I would watch him at work and check out what he does and say to others. If he says the same kind of things to everyone, maybe he is legitimate and and a friendly hand. If he doesn't act this way around others,  than you may have a concern.

Just stay strong and hope he's a friend.
Title: Re: Felt insulted being told they get it.
Post by: lilredneckgirl on January 17, 2015, 05:24:11 PM
Yep  yep  yep,  "  i  understand".    So  depending  on  you,  go  on  and  lay  it  on him,  gentley  if  you  feel  the  need,  or  no  holds  barred,  blow  him  out  of  the  water. 
  After  14  or  15  years  of  hearing  that,  I  just  lay  it  out  there.  then,  you  either  get  it,  or  you  dont. 
Title: Re: Felt insulted being told they get it.
Post by: Ms Grace on January 17, 2015, 05:58:40 PM
Quote from: Larisa1983 on January 16, 2015, 08:58:49 AM
I was like "You dont know how I feel. Did you struggle with the boys on the playground making friends and go over hang with girls where you were more accepted and could relate? So dont tell me you understand as you couldnt." Hes a jerk but I hate when people try to say they get it about something they havent dealt with. he may get fired soon anyways I heard but it never ends. My dysphoria has been up lately bad to.

The whole time Im thinking inside that the only people who get it are trans people. It sucks my situation.

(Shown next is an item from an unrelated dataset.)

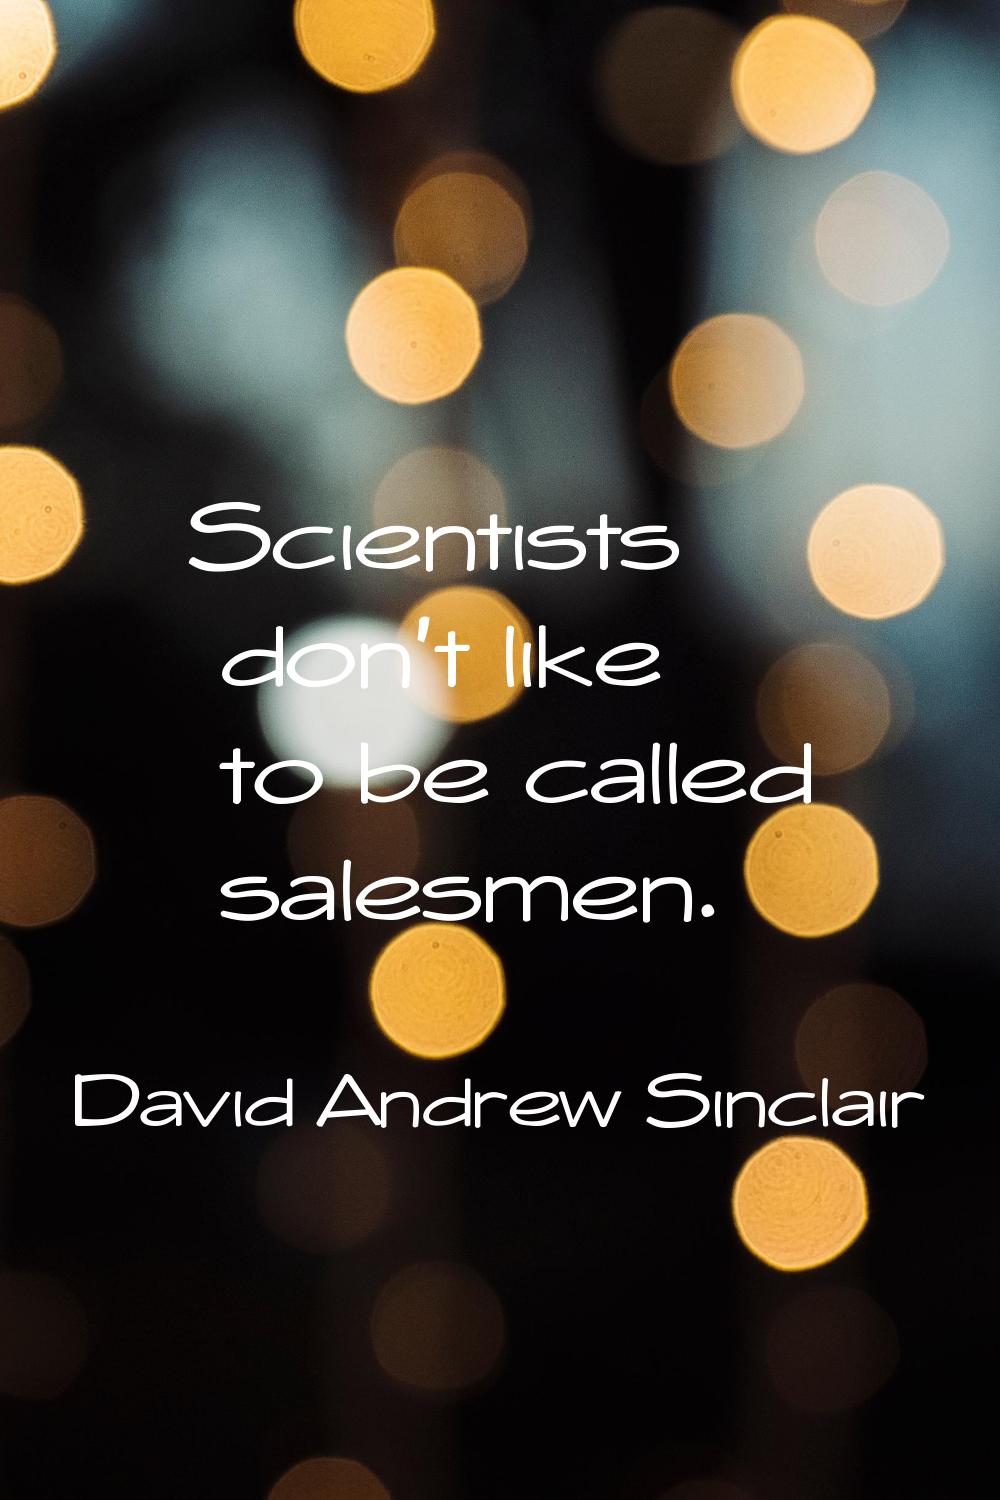 Scientists don't like to be called salesmen.

I worked with a trans woman for a year and never realised it, she was presenting as male. Male clothes, male voice, male name, beard... couldn't have presented more male if she had tried. I had no clue and she probably had no clue about me either. We never discussed gender issues or politics. I didn't find out until a few years after she left my work place and transitioned to her female persona.

My point is, maybe that "guy" was trans. Or, as other people pointed out, even cis guys hate the gender roles society expect of them.